Earthworms and other soil life help to decompose dead plant material, helping to bring back carbon to the soil (Source: MicropolitanMuseum).

The FAO’s Global Soil Organic Carbon Map (Version 1.0) shows where the world’s soil carbon is stored, and for which climates, soil types, and land cover.

The capture and long-term storage of CO2 from the atmosphere is what’s called carbon sequestration. A forest, for instance, has the ability to sequester carbon by moving it from short-lived labile pools – such as leaves and hummus – to long-lived stable pools with slow turnover times – such as standing biomass or recalcitrant (hard to further decompose) organic matter in soils.
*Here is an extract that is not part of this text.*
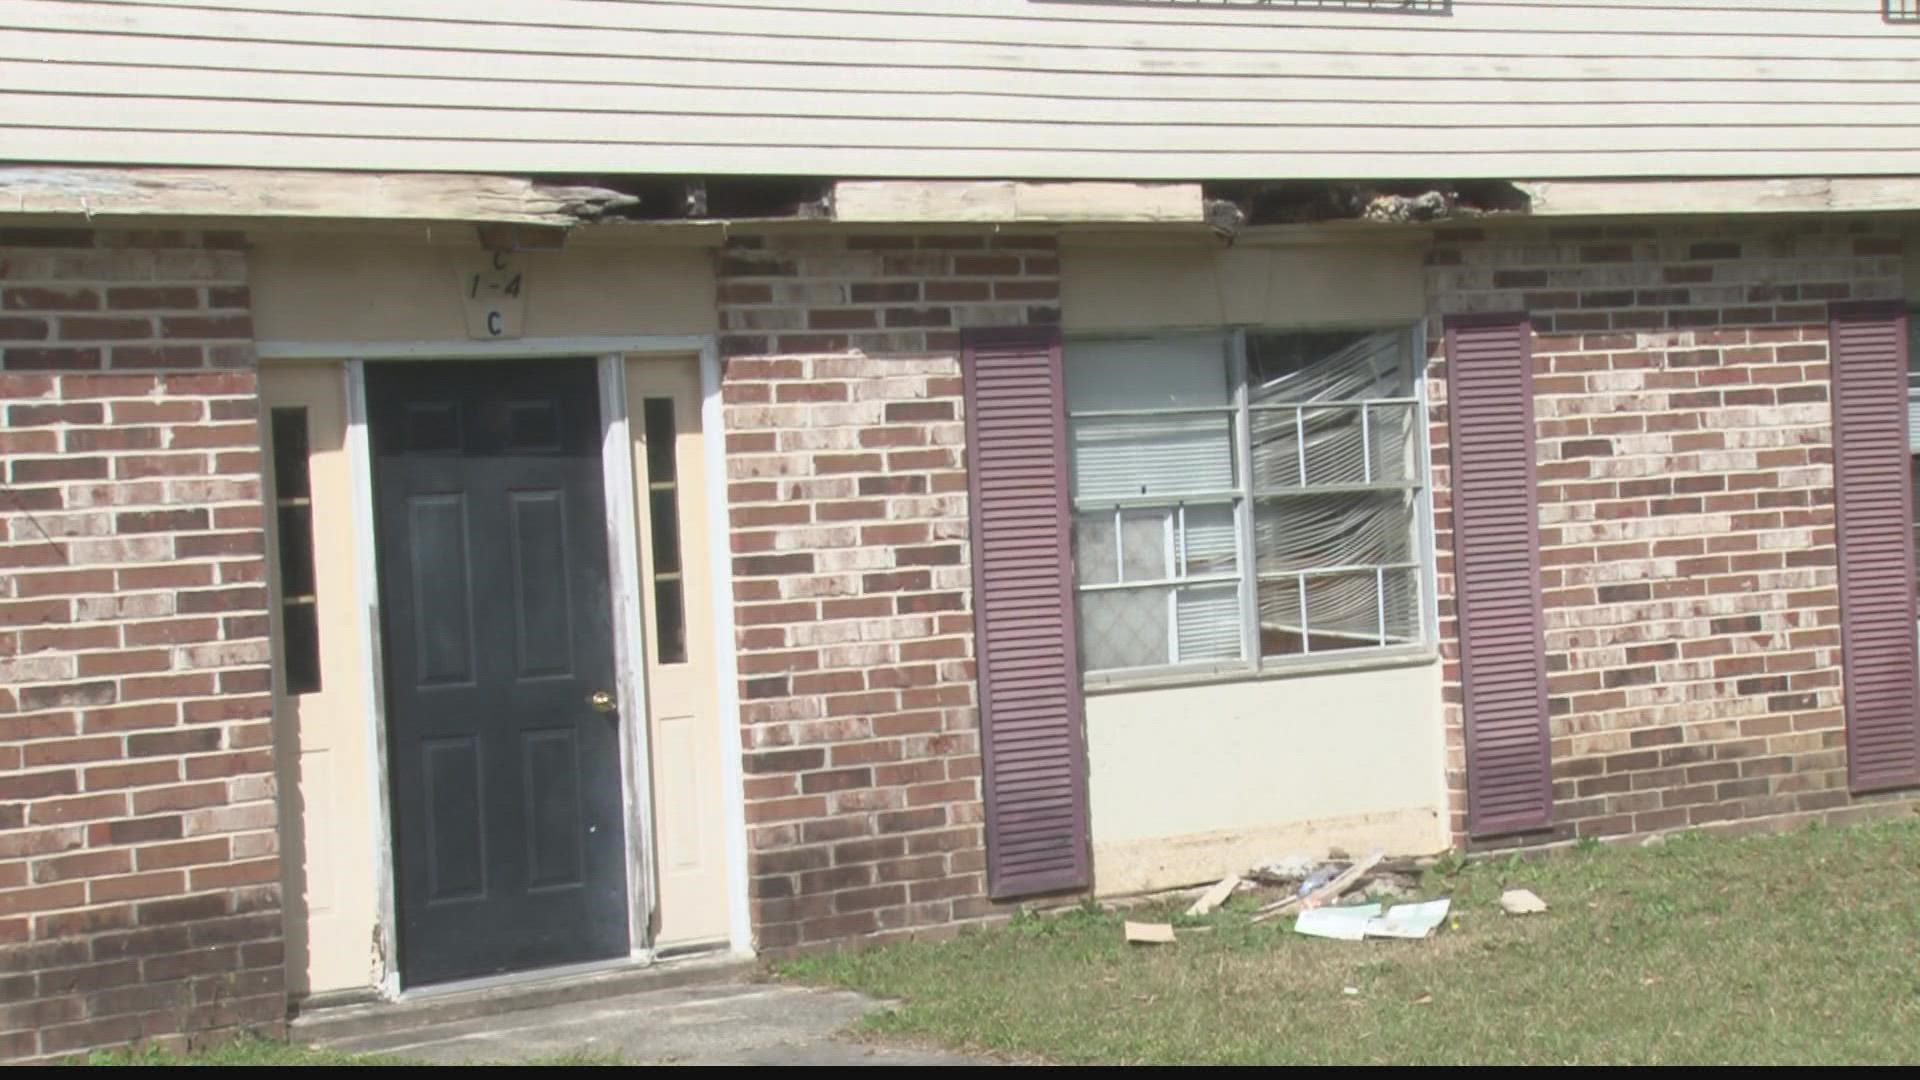 People at Macon's Miga Villa Apartments might be moving out sooner than expected. According to Bibb County code enforcement finished their investigation on Tuesday.

Even though an ecosystem such as a forest can be a sink for carbon in one year and a source in another, it only really sequesters carbon if it remains a sink over long timescales. Depending on a range of factors, including management of the land, carbon can stay in soils for decades, centuries, or even millenia – if managed wisely, soils have the potential to sequester large amounts of carbon, contributing to climate change mitigation and adaptation.

An excerpt of the FAO’s Global Soil Organic Carbon Map showing C stocks by climate zone, land cover, soil type, and country (Source: FAO).

Carbon farming and the climate: How much can soils contribute?

Bringing carbon back to soils is clearly among the strategies to successfully take it out of the atmosphere. The Intergovernmental Panel on Climate Change (IPCC) estimates (with high confidence) that soil carbon sequestration in croplands and grasslands lands can store between 0.4 to 8.6 gigatonnes of CO2 equivalents per year by 2050. In 2016, global emissions from agriculture were 5.3 gigatonnes of CO2 equivalents.

With these numbers, increasing soil organic matter content is mentioned among the options that have a very high potential to mitigate climate change. Do note that the estimated potentials as mentioned in the IPCC report are the technical potential: this means that social, economic, or other barriers to implementation are not taken into account.

Increasing soil organic carbon in agricultural lands is not the only way in which soils can help to mitigate climate change – it is also the management of agricultural resources related to soils that can contribute.

For instance, in cropping systems, options with large potential for climate change mitigation not only include soil carbon sequestration, but also reductions in N2O emissions from fertilisers, reductions in CH4 emissions from paddy rice, and bridging of yield gaps (the gap between the actual yield and the theoretically attainable yield). And in livestock systems, options include better grazing land management, with increased net primary production and soil carbon stocks, and improved manure management.

Increasing soil organic carbon in agricultural lands is not the only way in which soils can help to mitigate climate change – also the management of agricultural resources related to soils that can contribute (Source: MacLeod et al., (2015)).

All in all, what is needed is an increase of soil carbon as well as a reduction of GHG emissions (CO2, CH4, N2O) from soils. Hence, not only increasing the soil organic matter content but also better management of crop residues are mentioned among the options that have a very high potential to mitigate climate change.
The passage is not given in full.